My mother now looking more confused.

“Nanibag-o ko nimo kay pwerti nimung kakugihan.” (Something must be up. You don’t like washing dishes.)

Taking my cue from her reaction, I slowly inched toward my bag and took out my card.

“Ma…,” I croaked.

“Unsa man? Pagsulti lang. Naa kay problema?” (What is it? Tell me. Is there any problem?)

She was now looking at my hands, her brows furrowed and then relaxed. And then I saw a hint of recognition flashed in her eyes.

Clutching my class card in my heart, I gingerly and shakily handed it to her.

“Ma, sorry…”

She opened and examined my card.

Time froze.


“Pasado man ni, toy.” (This is still a passing grade.)

“Pero layo ra sya sa grade nako sa 2nd grading,” my voice was already shaking, (But that is lower than my grade in 2nd grading.)

“Aw, mao, pero pasado man na.

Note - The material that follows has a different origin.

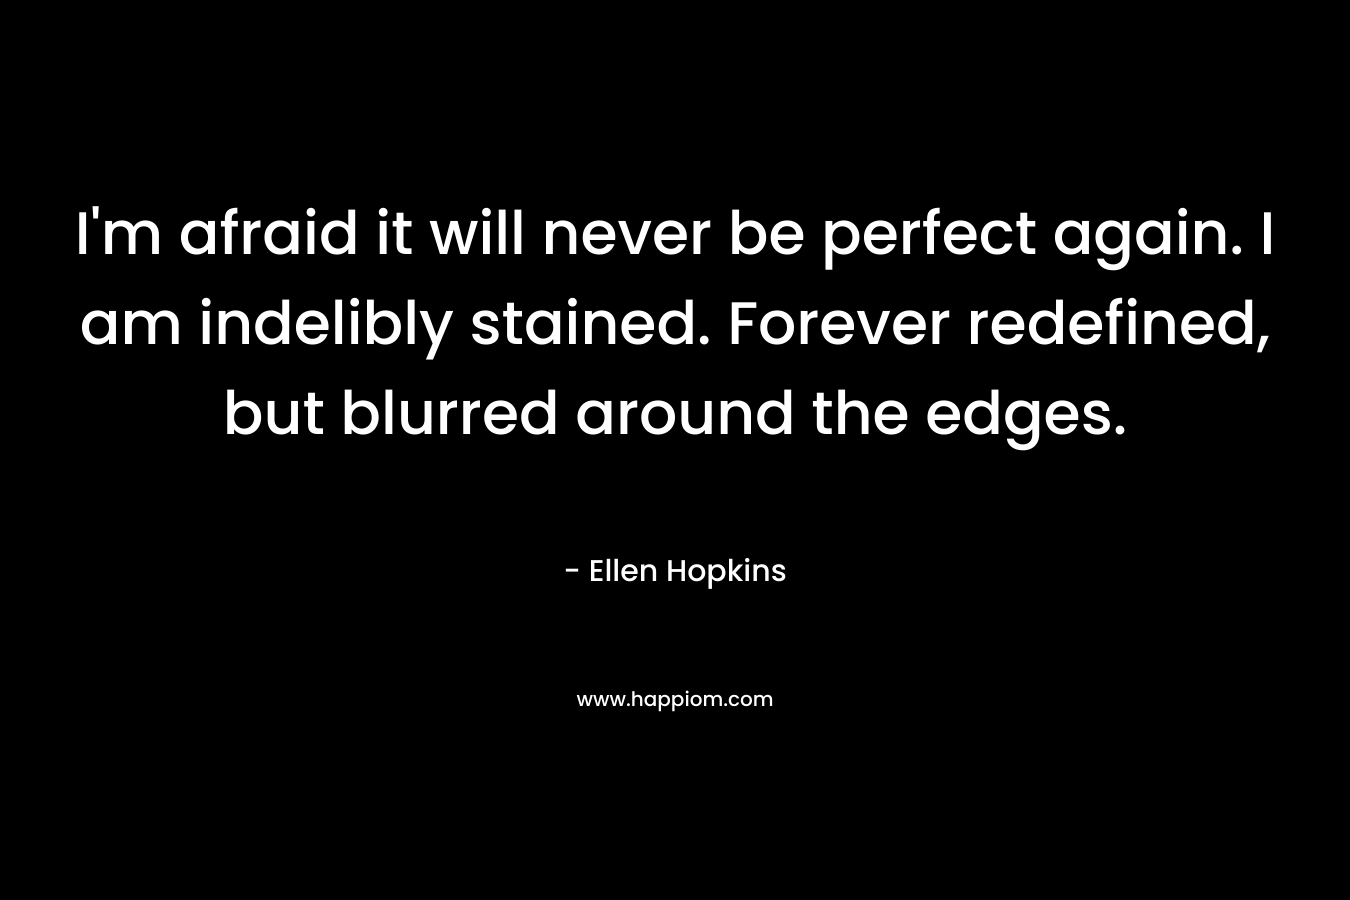 I’m afraid it will never be perfect again. I am indelibly stained. Forever redefined, but blurred around the edges. – Ellen Hopkins

Okay ra na, toy,” she responded in a reassuring voice. (That is fine. It is still a passing grade.)

Tears were already spilling from my eyes, I started heaving.

“Ayaw na ug hilak, toy.” (Don’t you cry now, toy.)

Hearing those words soothed my heart.

“Abi ba nimo nga masuko ko?” (Did you think I’d get mad?)

I nodded.

“Okay ra na. Expected na na nako kay wala man kay enough time nga makatuon.” (It’s okay. You did not have enough time to study.)

“Mao diay imo gihugasan ang mga tupperware,” she quipped. (That explains why you’ve been acting weird lately. Washing the dishes? I should have known.)

Wiping my tears and snot, I embraced her. The ruins of my shattered persona, which were strewn around me, vanished into thin air.

That was the first time in my life that I felt accepted, loved, and appreciated, despite my wild revelation. All my irrational fears of invalidation, all gone with her loving and comforting embrace. It hurts to realize, after powering-through some personal storms in the past few years, that those arms won’t be there to soothe my inundated heart. Oh, how quickly she could chase the dark clouds away, or hold an umbrella over my head to keep me dry while the rain ravages on.

Now with her gone, I feel lost, stumbling, looking for her welcoming arms, missing her painfully. Whatever skeletons I am hiding in my closet, I know she’ll be accepting. No matter how irrational my fears may be, I know in my heart of hearts she is for me. If she were alive, she would have laughed at me for being so dramatic. “Don’t you cry now,” she would say.

And so, unlike many other days, I miss her more than ever today.